▶ **PROBLEM DESCRIPTION**
Transcribe exactly the lines below that begin at the line with "韩国手游 7英雄/七骑士/音效/UI界面全套游戏美术资源Y035-淘宝网全球站" and stop after the line with "En 2013, Chris", leaving out every picture.

▶ **RECORDS FOR THE TASK**
************
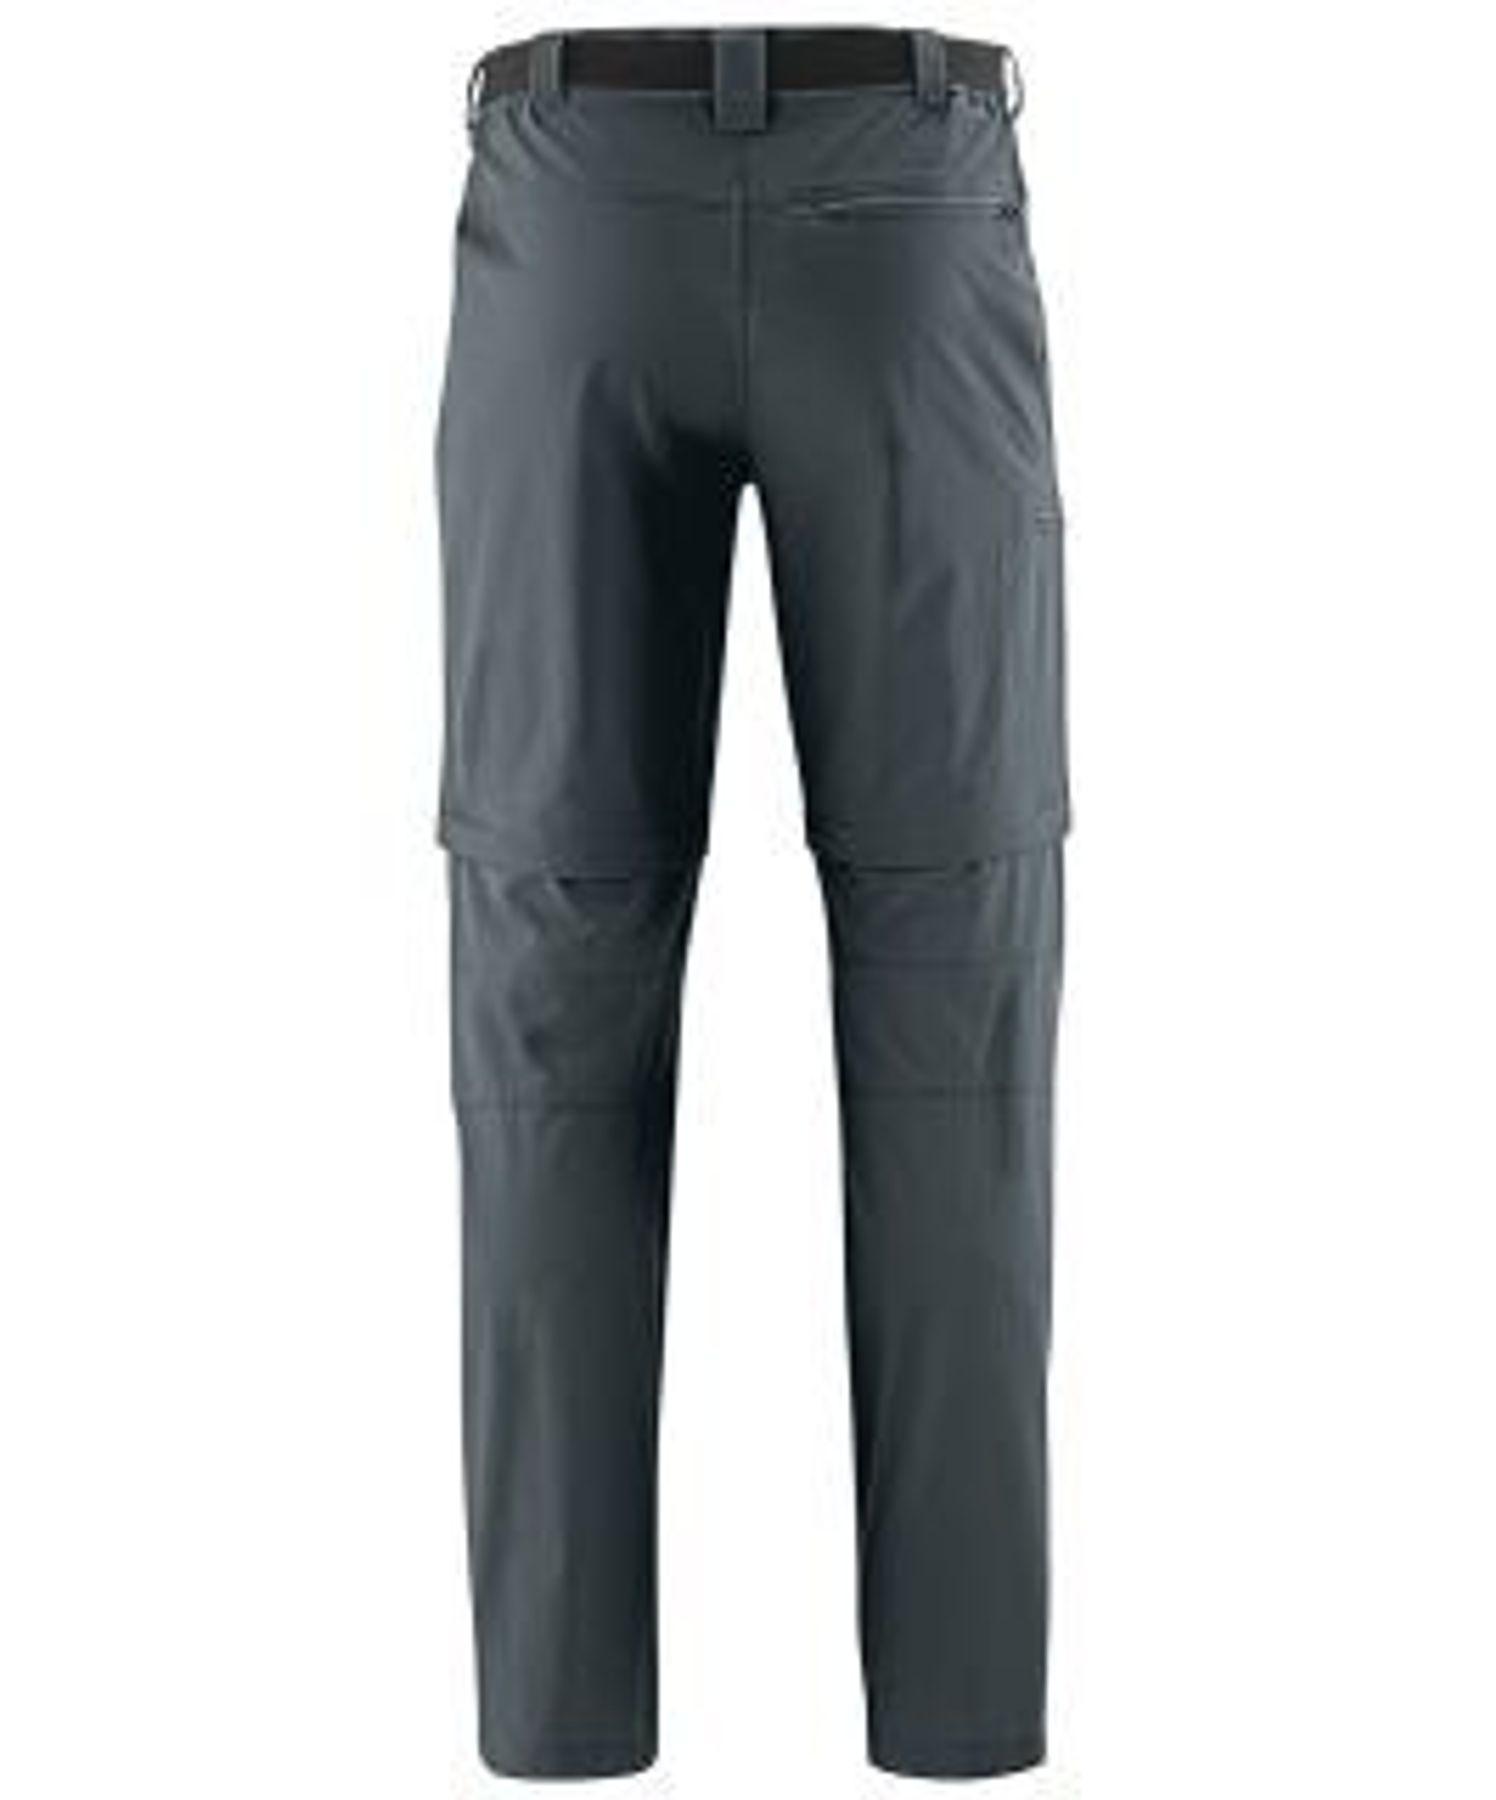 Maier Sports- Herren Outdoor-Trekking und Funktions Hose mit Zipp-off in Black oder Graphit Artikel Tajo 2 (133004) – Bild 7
************
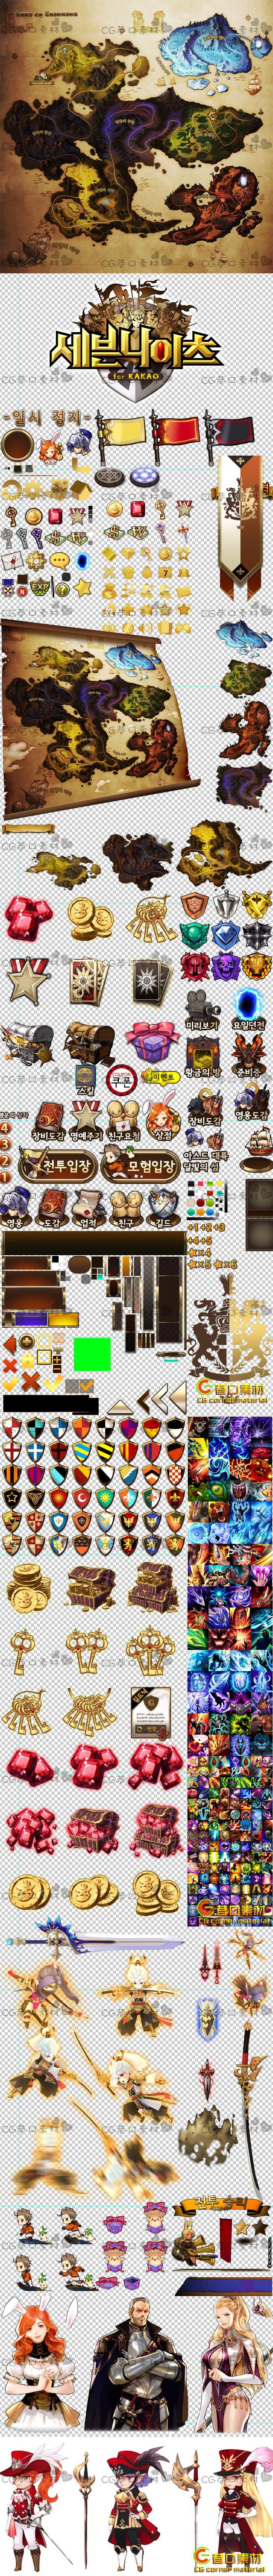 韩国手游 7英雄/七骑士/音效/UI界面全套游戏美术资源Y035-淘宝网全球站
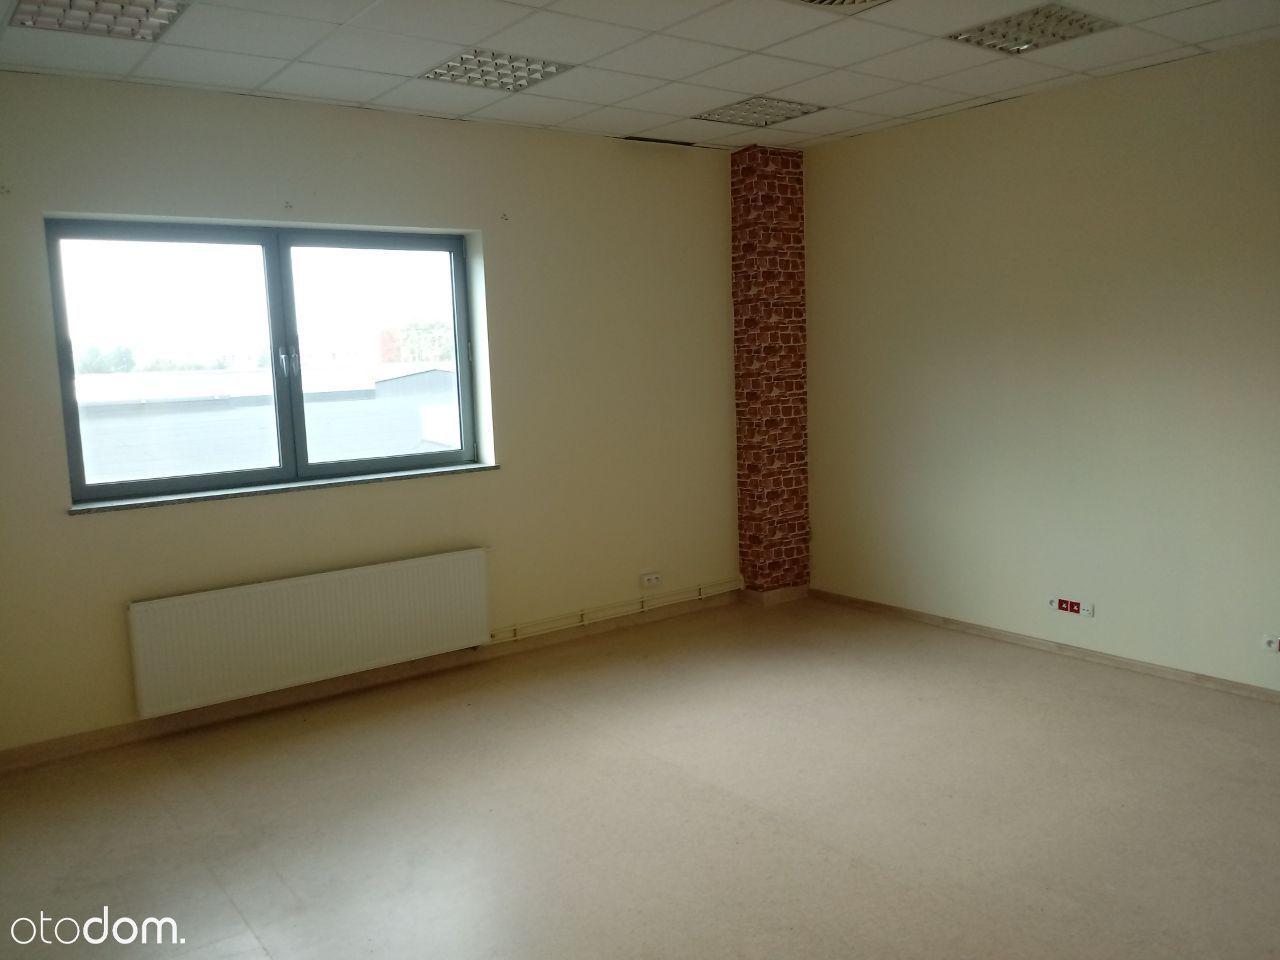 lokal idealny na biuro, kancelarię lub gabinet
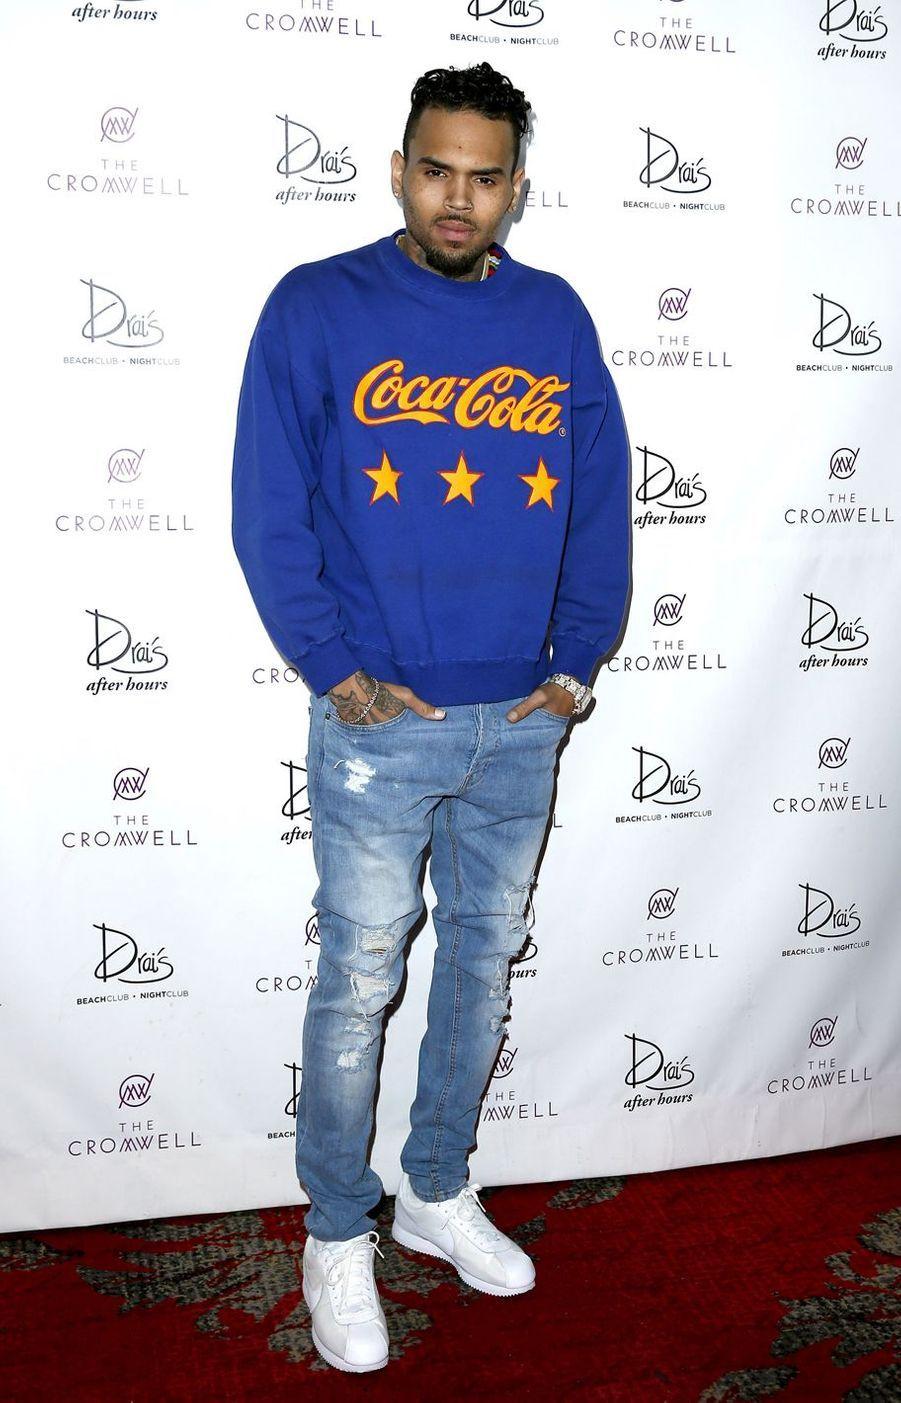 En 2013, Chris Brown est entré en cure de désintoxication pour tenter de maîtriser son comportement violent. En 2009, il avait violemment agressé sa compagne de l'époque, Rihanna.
************
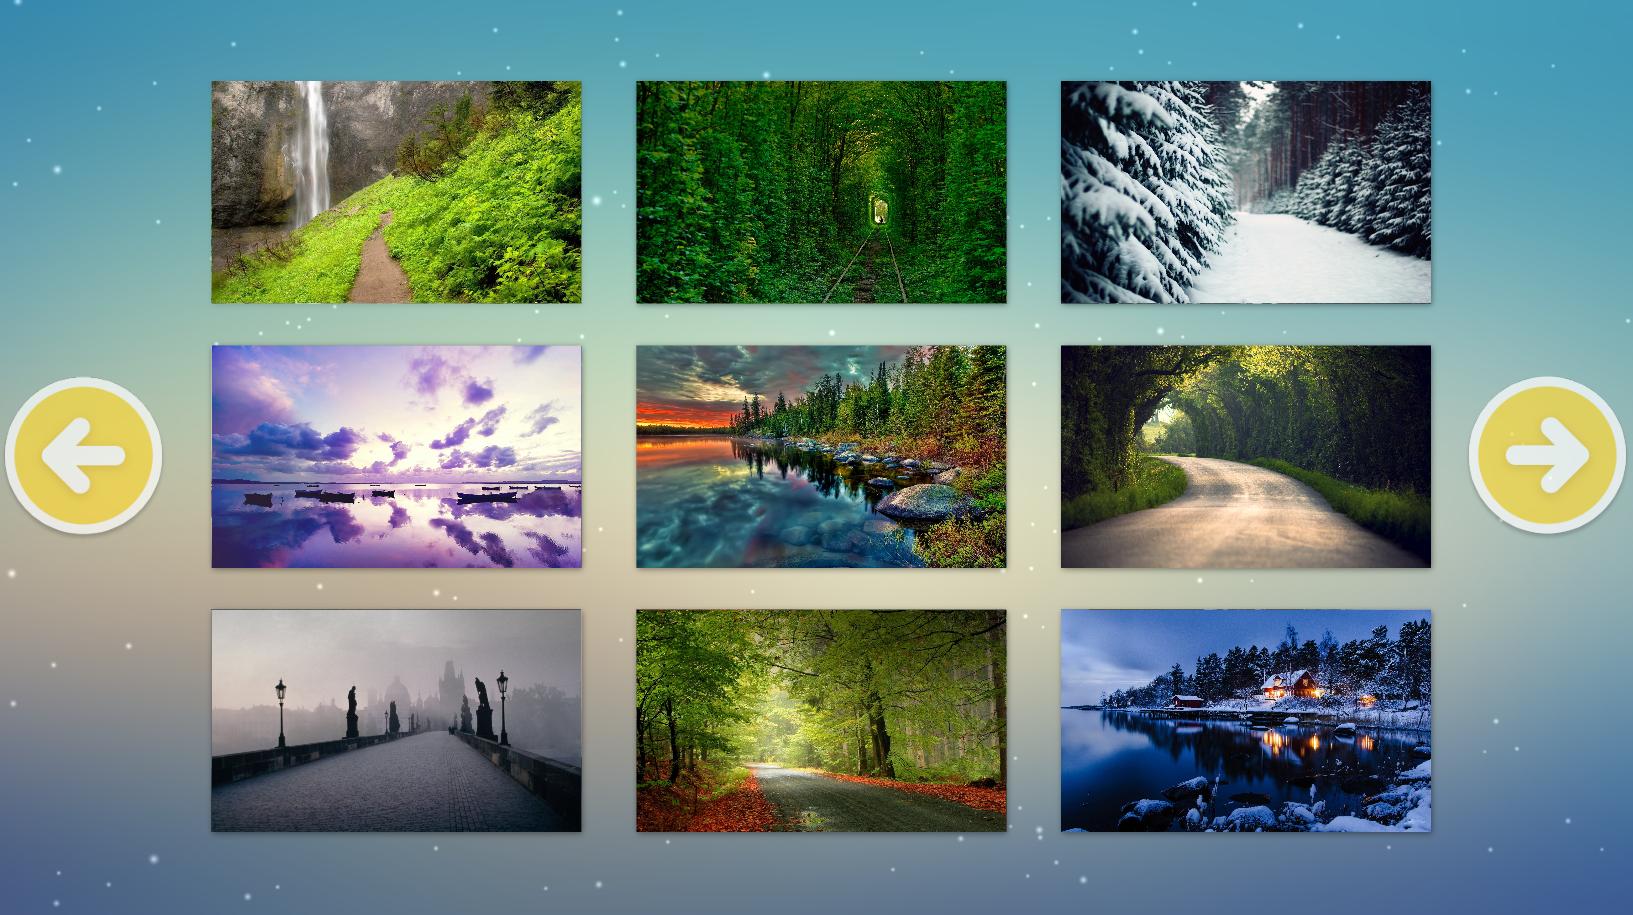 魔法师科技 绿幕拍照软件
************
▶ **RESULT FOR THIS EXERCISE**
 韩国手游 7英雄/七骑士/音效/UI界面全套游戏美术资源Y035-淘宝网全球站
 lokal idealny na biuro, kancelarię lub gabinet
 En 2013, Chris Brown est entré en cure de désintoxication pour tenter de maîtriser son comportement violent. En 2009, il avait violemment agressé sa compagne de l'époque, Rihanna.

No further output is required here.